I'd like the entire listing output verbatim, apart from the pictures.

Data shown »
--

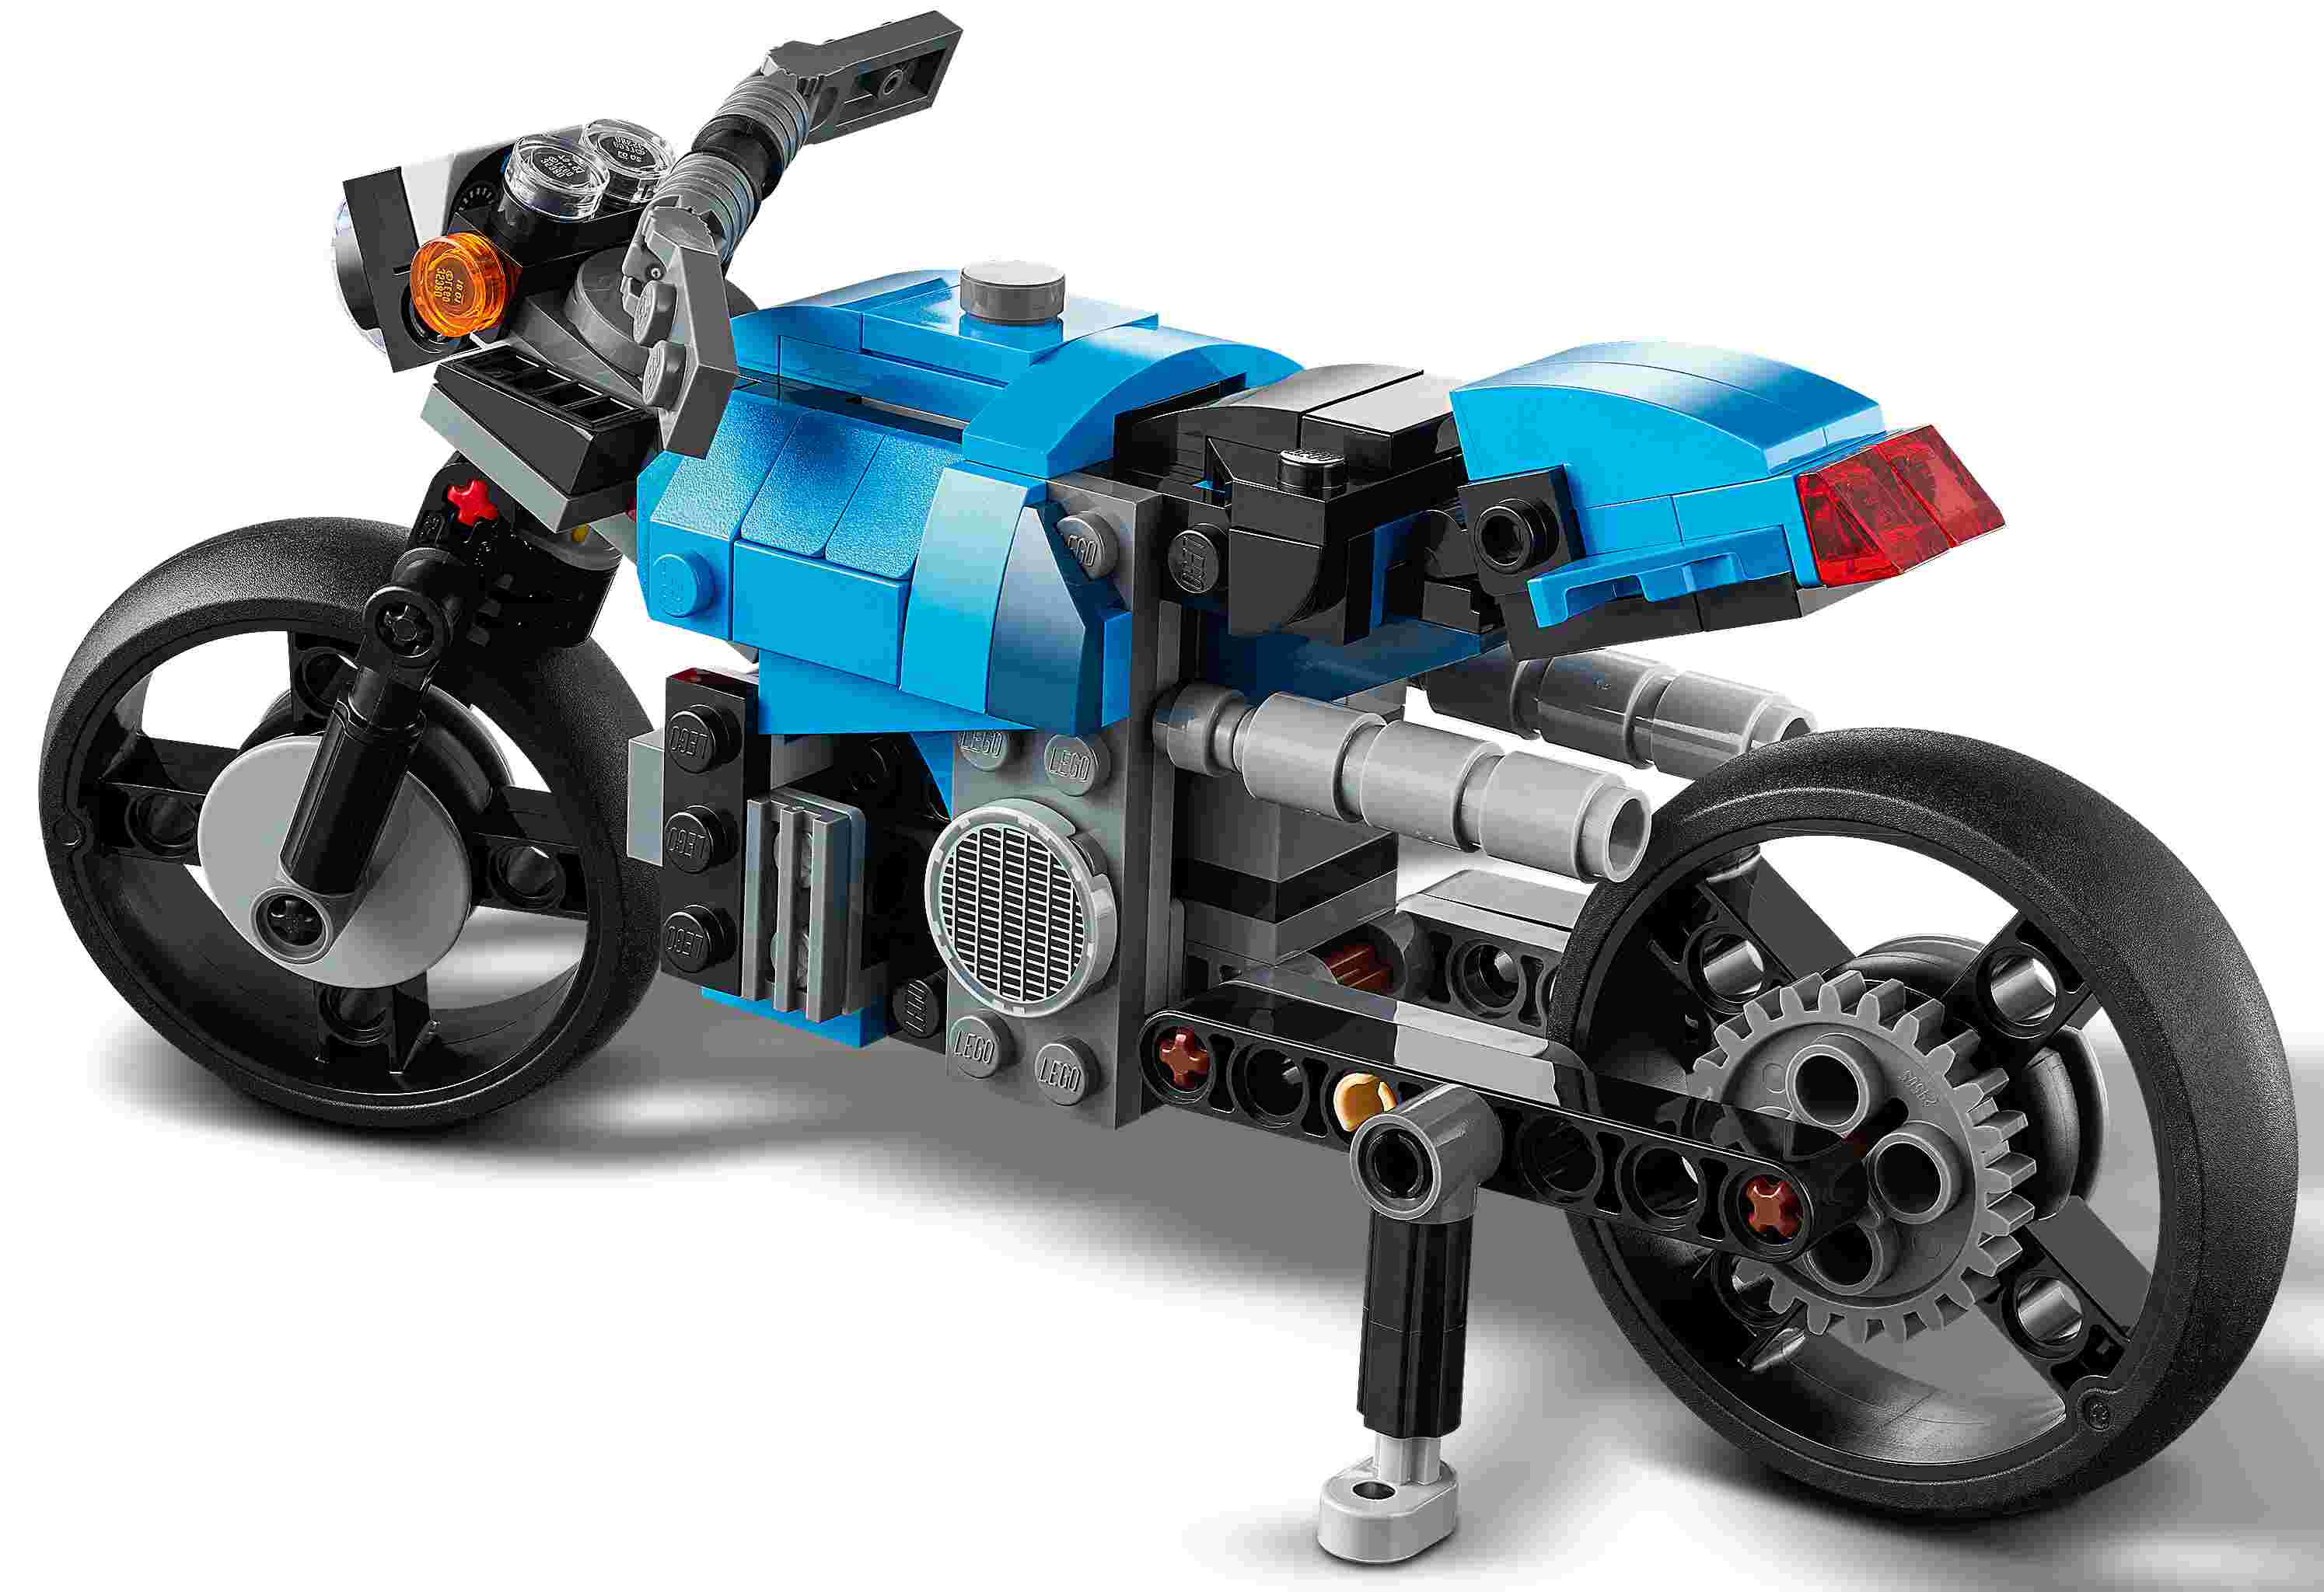 LEGO Oldtimer Motorrad
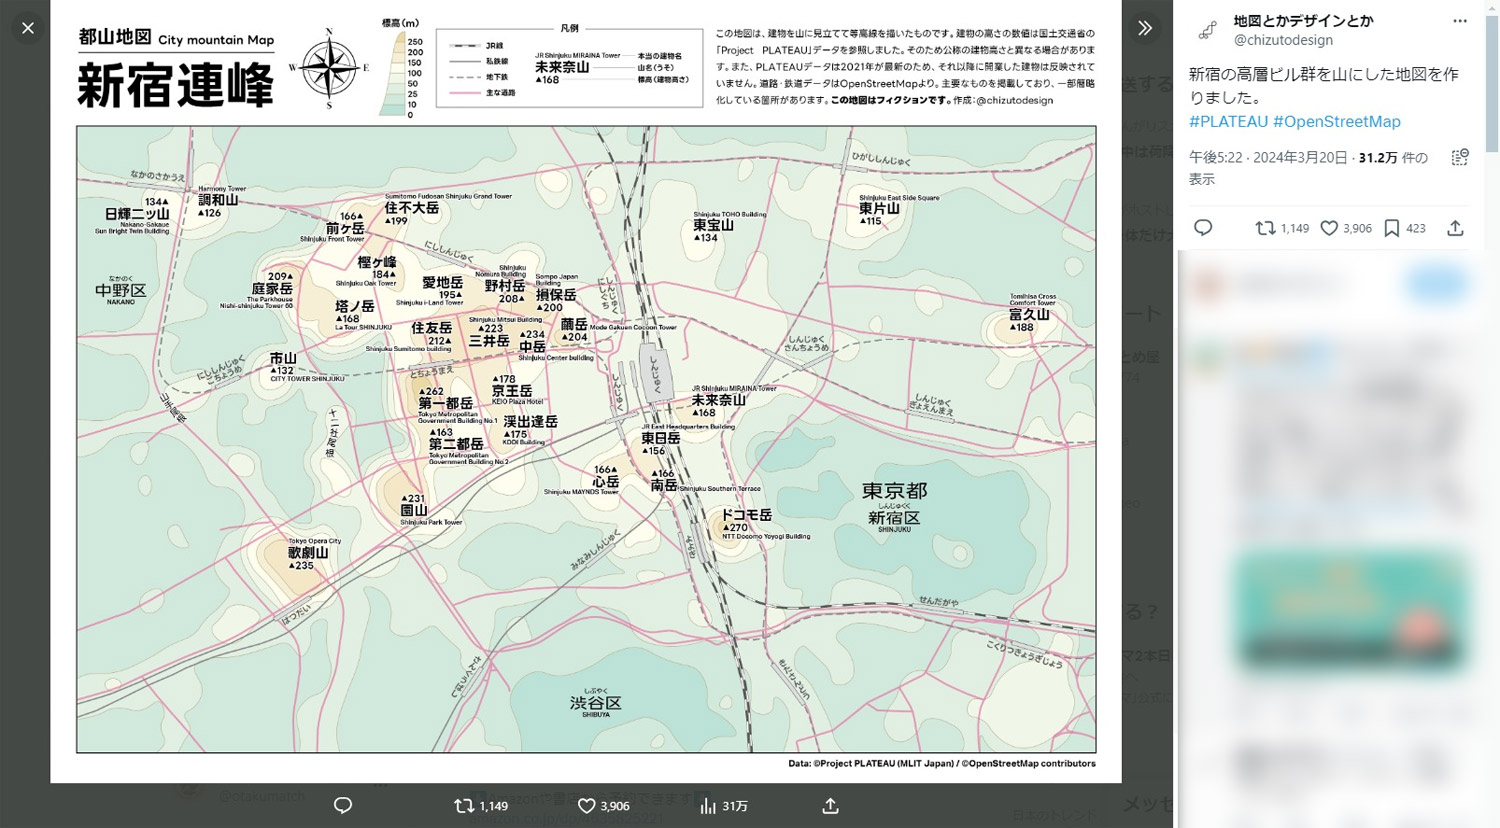 新宿駅周辺にある高層ビルを山に見立てて作成した「都山地図『新宿連峰』」
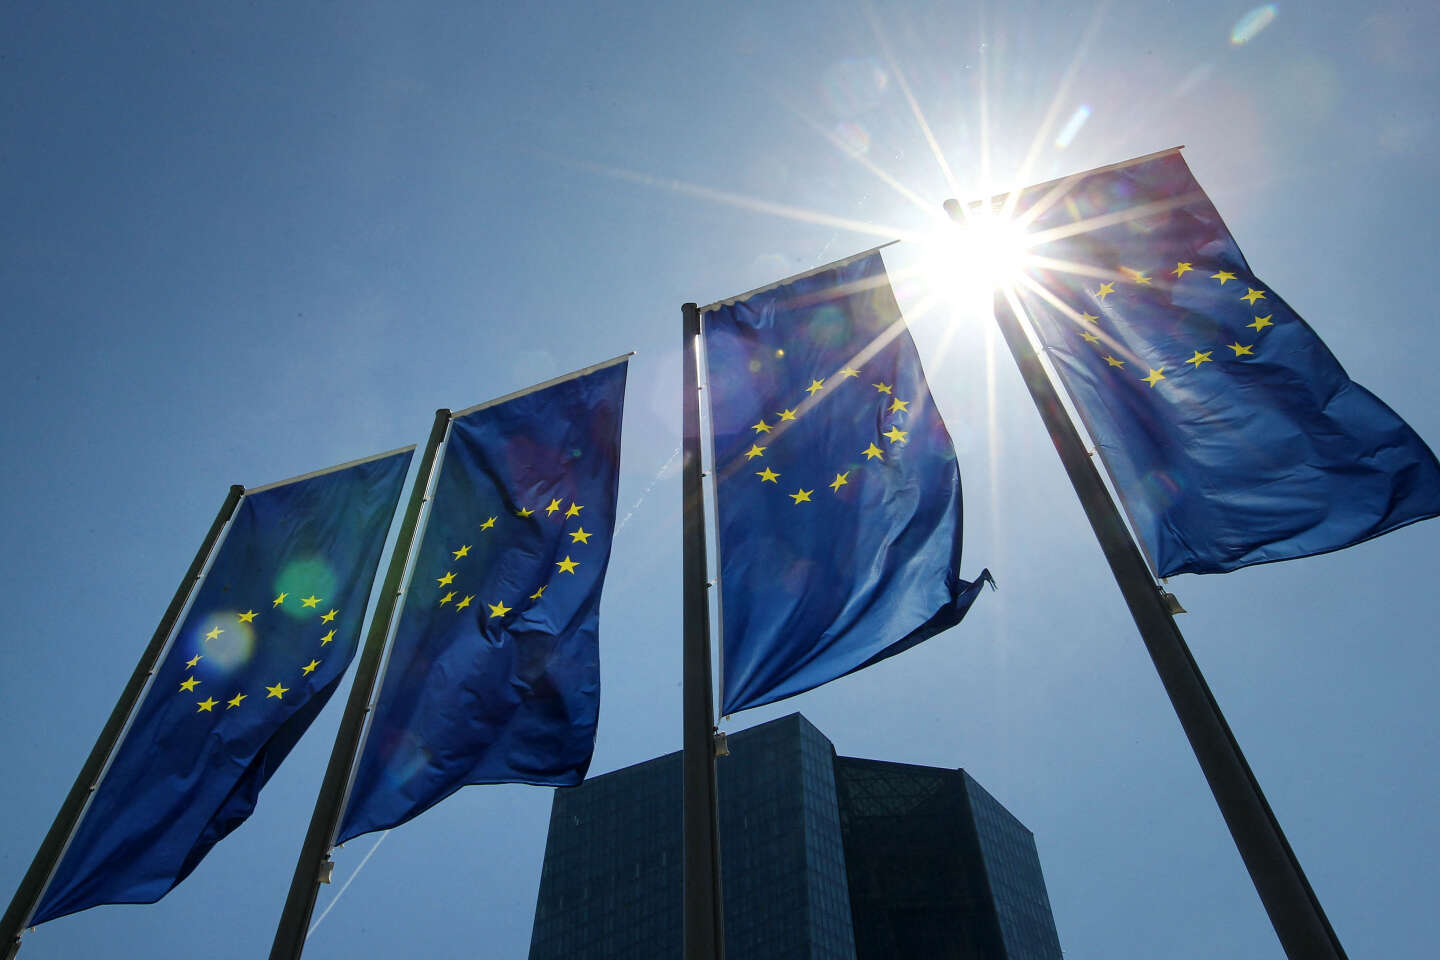 Na een spoedvergadering beloofde de Europese Centrale Bank “enige flexibiliteit” in het licht van massale renteverhogingen in Europa

--

Response below »
 LEGO Oldtimer Motorrad
 新宿駅周辺にある高層ビルを山に見立てて作成した「都山地図『新宿連峰』」
 Na een spoedvergadering beloofde de Europese Centrale Bank “enige flexibiliteit” in het licht van massale renteverhogingen in Europa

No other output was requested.